# A Climate of Ice and Fire



## Sir Kieran (Jun 2, 2014)

Hello! 

My WIP features a land that stretches 1500 miles at its longest points. I imagine that, if you compare this world to Earth, this continent would sit in the southern hemisphere. Cold climates towards the bottom, warmer in the north. In the center of the continent, there is a mountain range known to be hostile, icy, and frigid, death to anyone who enters. 181 miles to the north, there is a country made up almost entirely of arid desert land. 

I just wanted to know, is this likely or remotely realistic? If I need to supplement any more information, I'd be happy to!


----------



## ink. (Jun 2, 2014)

Sir Kieran said:


> I just wanted to know, is this likely or remotely realistic?



No... but, this is fantasy writing; I wouldn't get too hung up on that! Considering people can get away with having floating mountains and such, I would have no trouble believing that there was a country made of entirely sandy desert and tundra.

What I would consider more important is how you plan to have your characters survive realistically in such an inhospitable world, resources like food and water will be at a premium and so have more influence on the story.


----------



## Penpilot (Jun 3, 2014)

If you look at Egypt, one of the most populous countries in the world, covering an area of 390 000 sq miles, the bulk of the population lives along the Nile river, covering only 15 000 square miles, where the only arable land is found.

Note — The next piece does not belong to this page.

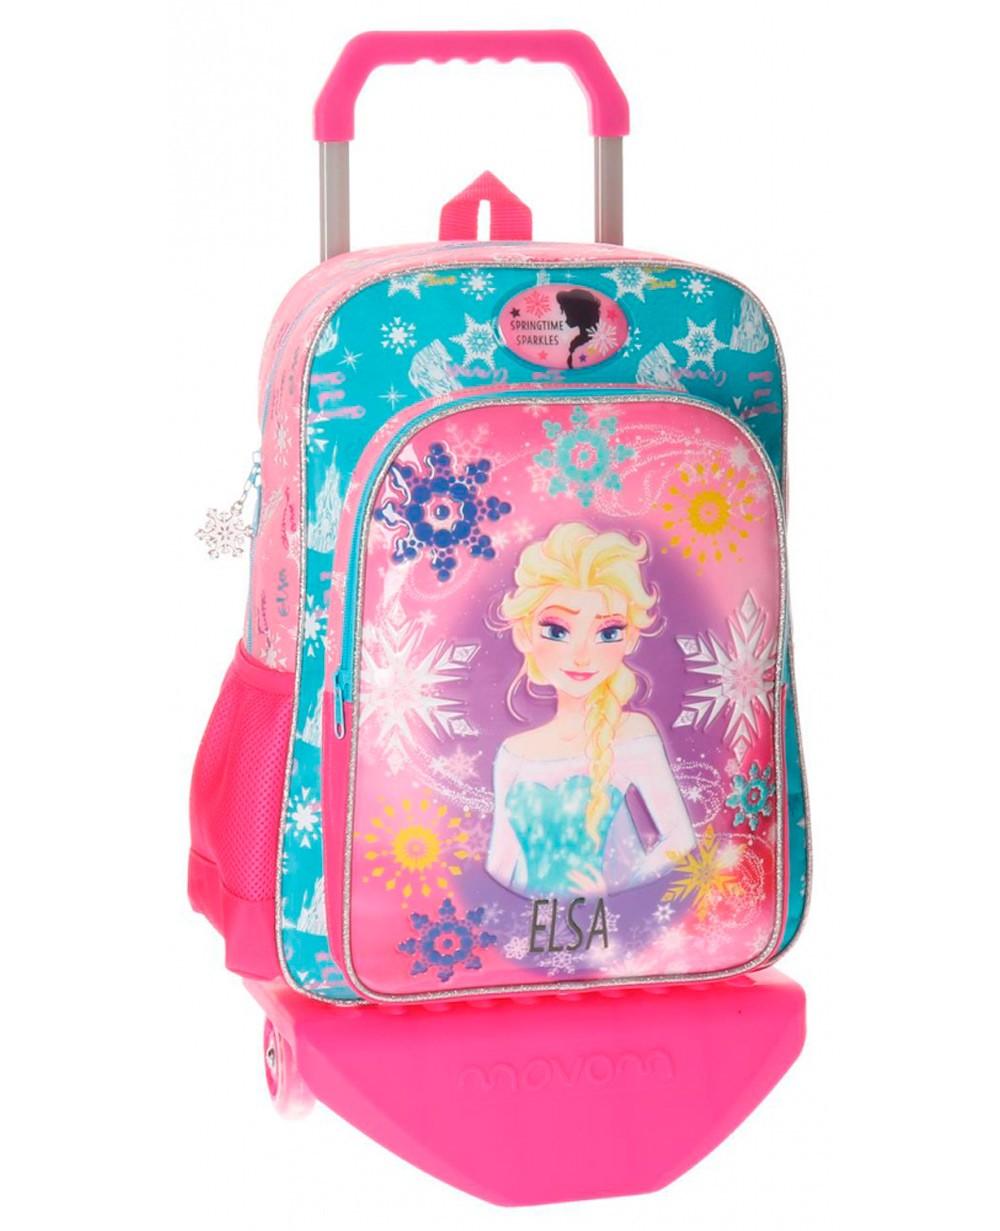 Disney Frozen Elsa mochila con carro Rosa (Foto )
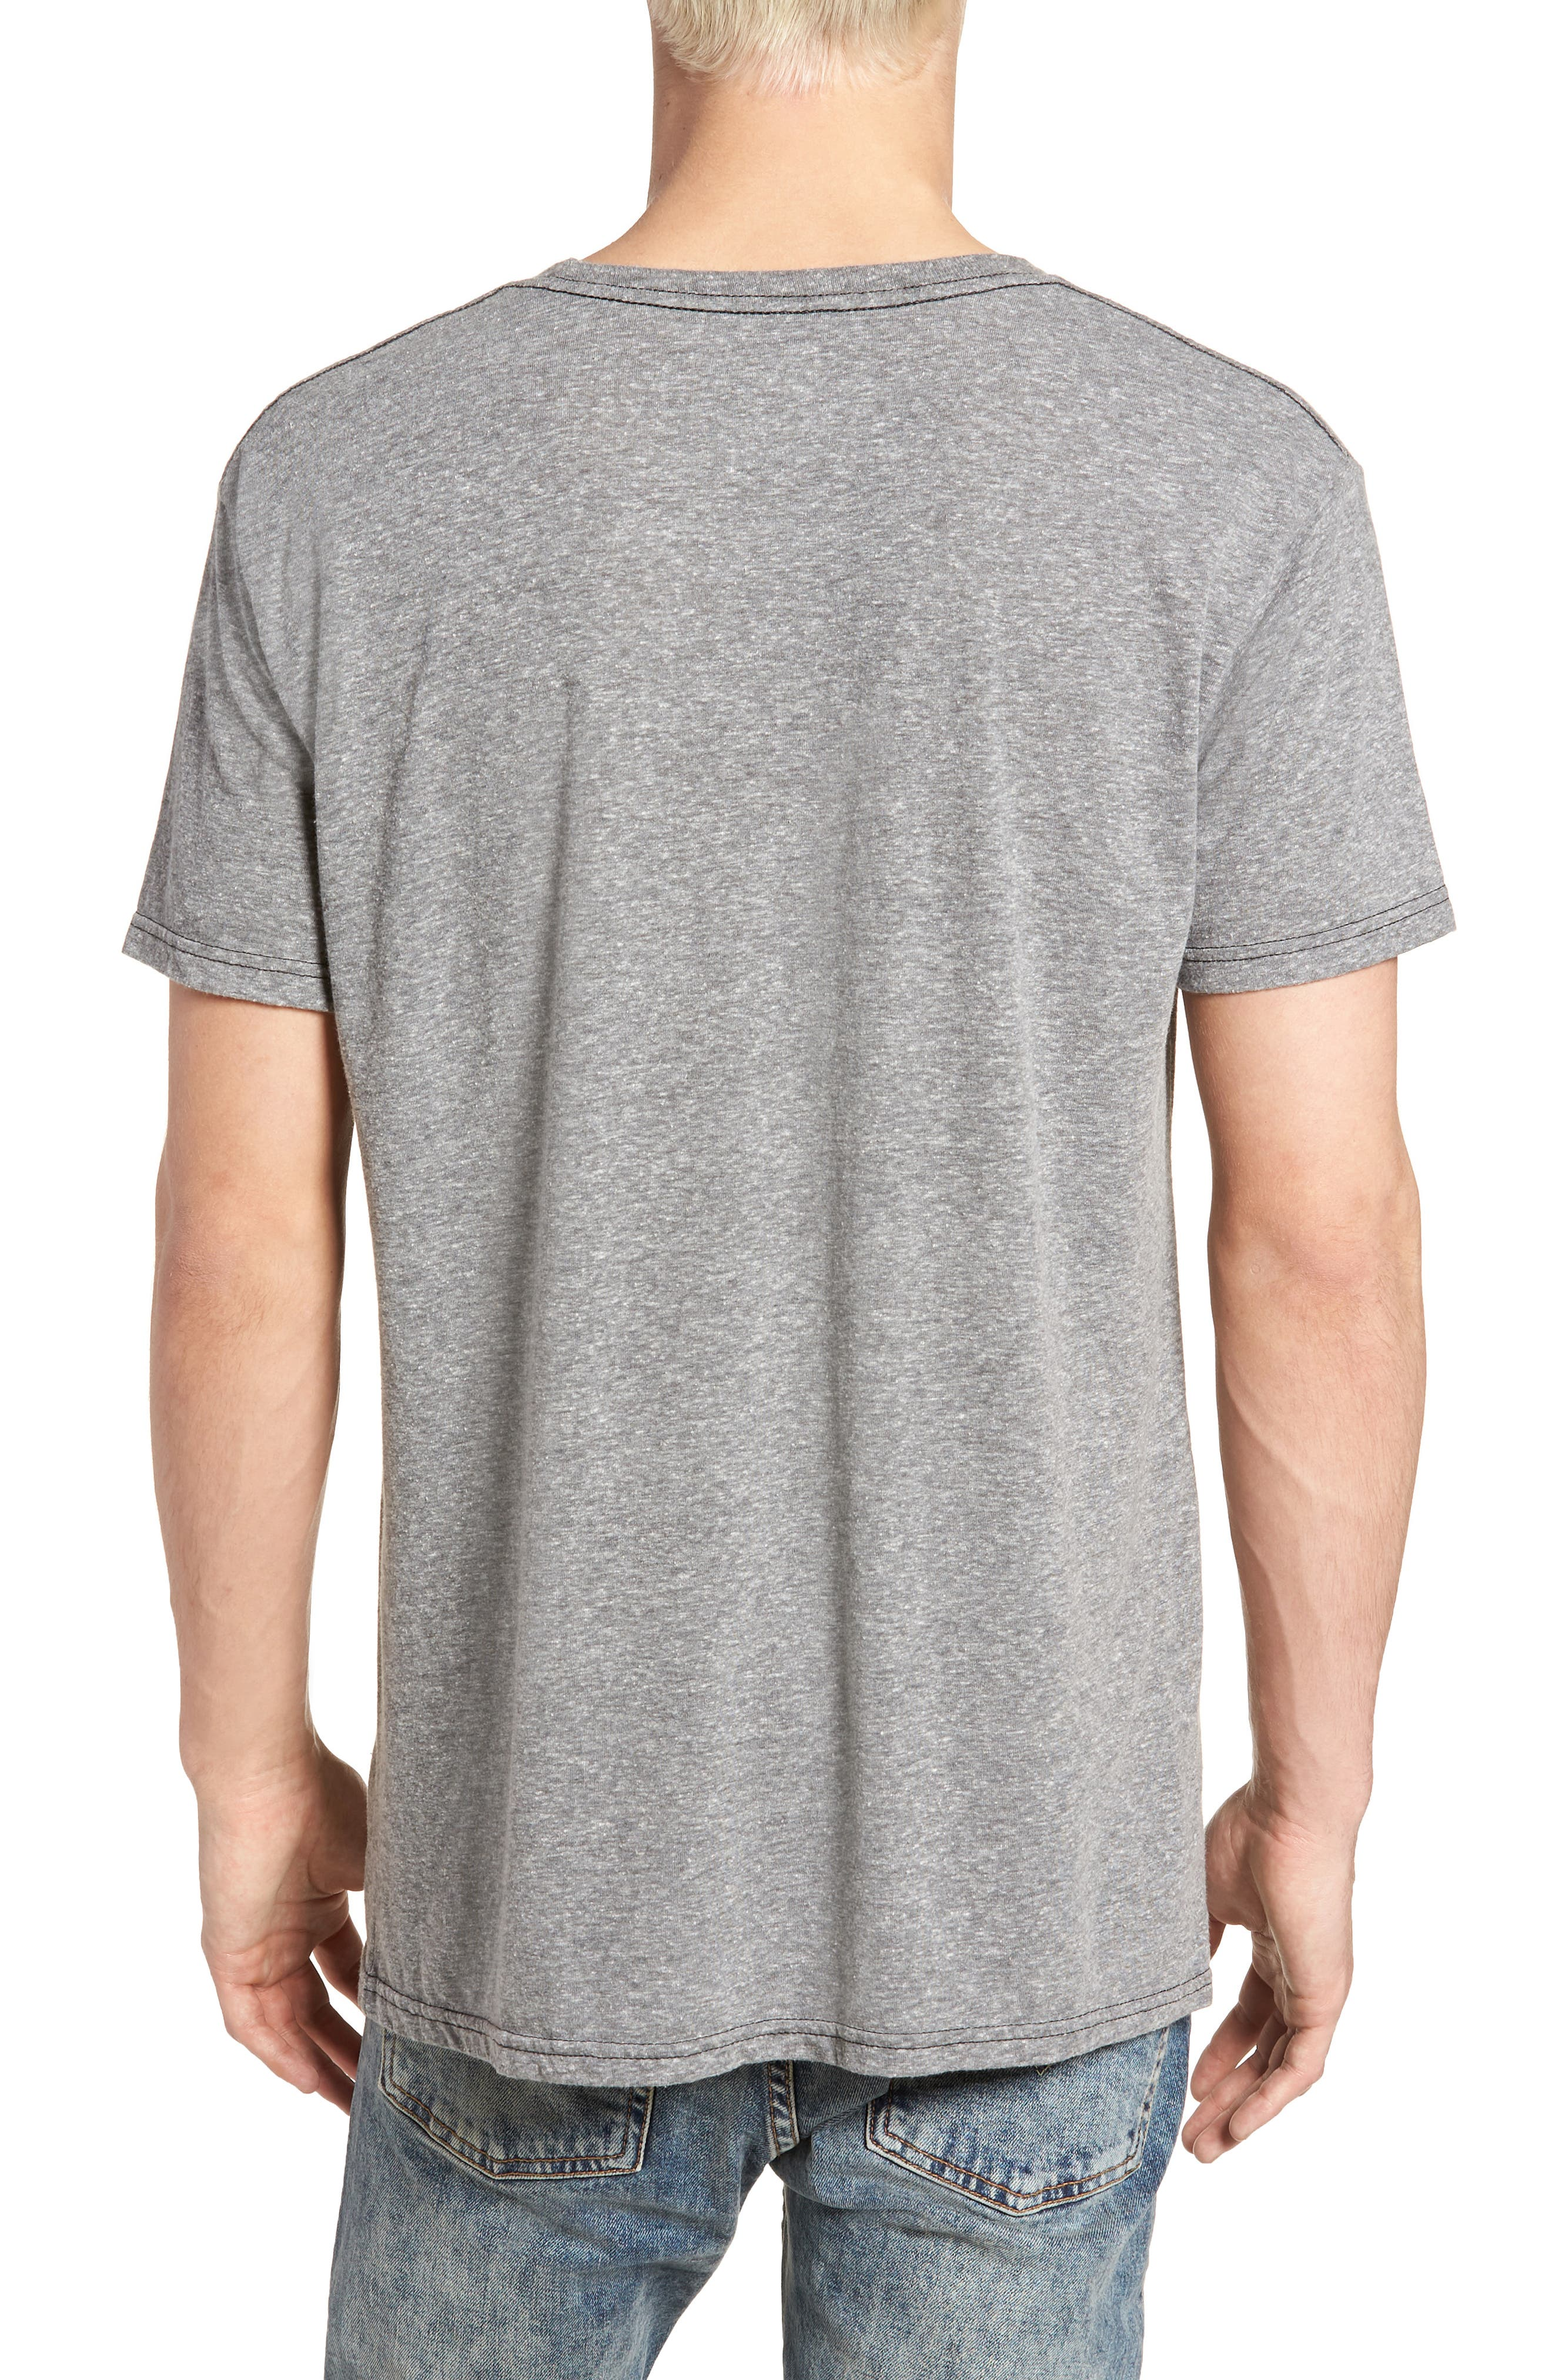 Original Retro Brand Silver Bullet Graphic T-Shirt,                             Alternate thumbnail 2, color,                             Streaky Grey

In inhospitable lands, people will live in places where they have easier access to the necessities of life, so as long as you give them places where they have access to fresh water, land to farm, etc. I don't see any reason why a country couldn't exist in such an environment.


----------



## thedarknessrising (Sep 4, 2014)

Well, Game of Thrones features a land that can be plunged into a ten year long winter. I don't see why what you have planned wouldn't work. But like ink said, the characters need to survive in a realistic manner.


----------